Compound A: form 2. Solution crystallization using a 1 : 1 hexane–THF mixture and dichloromethane (DCM) solvent independently resulted in a concomitant mixture of polymorphs (form 1 and form 2) based on SCXRD and PXRD analyses (Fig. 2b). SCXRD measurements show the unit cell parameters to be a = 9.3146 Å, b = 11.4763 Å, c = 12.2711 Å, α = 95.205°, β = 106.911°, γ = 98.262°, and V = 1229.77 ų, and the compound was solved in the triclinic space group P1̄ containing one molecule in the asymmetric unit. Structural analysis showed a slightly offset arrangement of these molecular dimers with a biphenyl centroid to centroid distance of ∼4.45 Å, which was slightly higher than that of form 1 with a dihedral angle of 34.15° (Fig. 1b and d). In the 3D crystal packing, these aggregated dimers are aligned along the (011) plane, as shown in Fig. 1f. A clear difference in molecular packing compared to a small change in the biphenyl conformation can be easily visualized from the molecular overlay shown in Fig. 1g. Hence, the two polymorphs can be considered as packing polymorphs. The crystallographic parameters of compound A (forms 1 and 2) are listed in Table 1.

Fig. 2 (a) PXRD analysis depicting the formation of form 1 upon solution crystallisation in a variety of solvent combinations mentioned; (b) PXRD analysis depicting the formation of form 2 along with form 1 upon solution crystallization independently from DCM and a 1 : 1 mixture of hexane–THF; (c) prolonged storage (ageing) of the concomitant mixture of forms 1 and 2 resulted in slow conversion of the material to form 1 due to the presence of a polymorphic impurity (form 1).

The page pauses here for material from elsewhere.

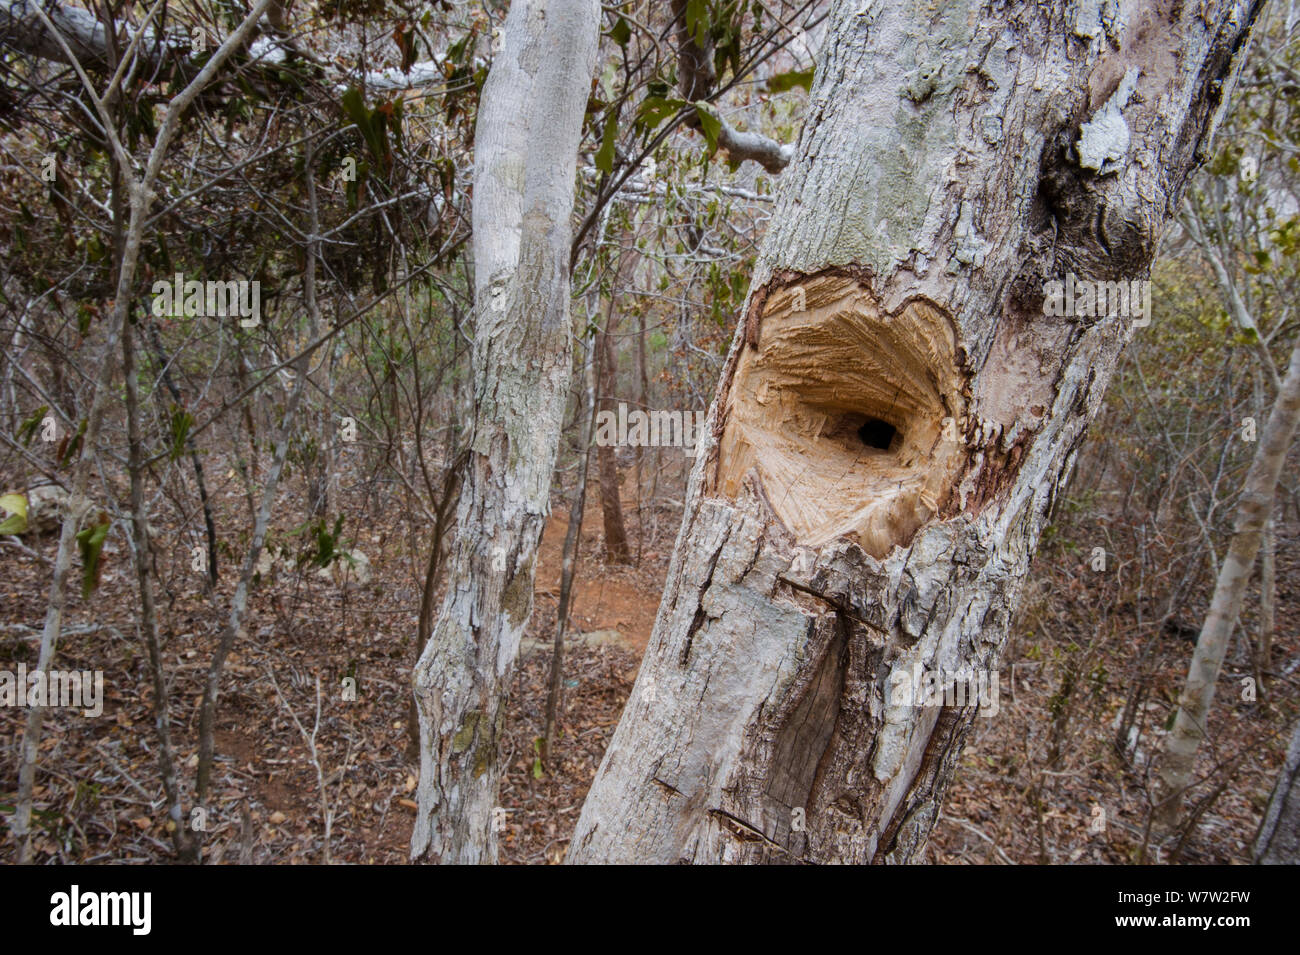 Hole chewed in tree trunk by a feeding Aye-aye (Daubentonia madagascariensis) excavating for beetle grubs. In the forests near Andranotsimaty, Daraina, northern Madagascar. Endangered species. Stock Photo

An extensive polymorph screening was carried out using both solution crystallization and liquid assisted grinding (LAG). Solution crystallization from most of the laboratory solvents resulted in precipitation of form 1, except for the 1 : 1 mixture of hexane–THF and DCM that yielded a concomitant mixture of forms 1 and 2, confirmed by SCXRD and PXRD measurements (Fig. 2a and b). Although form 2 was obtained concomitantly and had an identical crystal packing density, this polymorph was relatively unstable and slowly converted into form 1 under ambient conditions (25 °C and 60% relative humidity) during the aging experiment, characterized using PXRD (Fig. 2c). The intensity of the 11.6° 2θ peak corresponding to the (011) plane characteristic of form 2 decreased after storage of the powder material for a period of 2 months, whereas the diffraction peaks at 9.5° and 10.9° 2θ corresponding to the (100) and (021) planes, respectively, characteristic of form 1 increased in intensity. The polymorphic impurity (form 1) present in the mixture may act as a molecular seed that initiates phase transformation of form 2 to form 1 as observed from PXRD measurements. Mechanochemical milling of compound A with all possible laboratory liquids (LAG) results in the formation of phase pure form 1 based on PXRD analysis (Fig. 3).

Fig. 3 Experimental PXRD patterns obtained from LAG of compound A using various laboratory liquids resulting in the formation of phase pure form 1. Calculated PXRD pattern of form 1 (red) depicting good agreement with the experimental patterns.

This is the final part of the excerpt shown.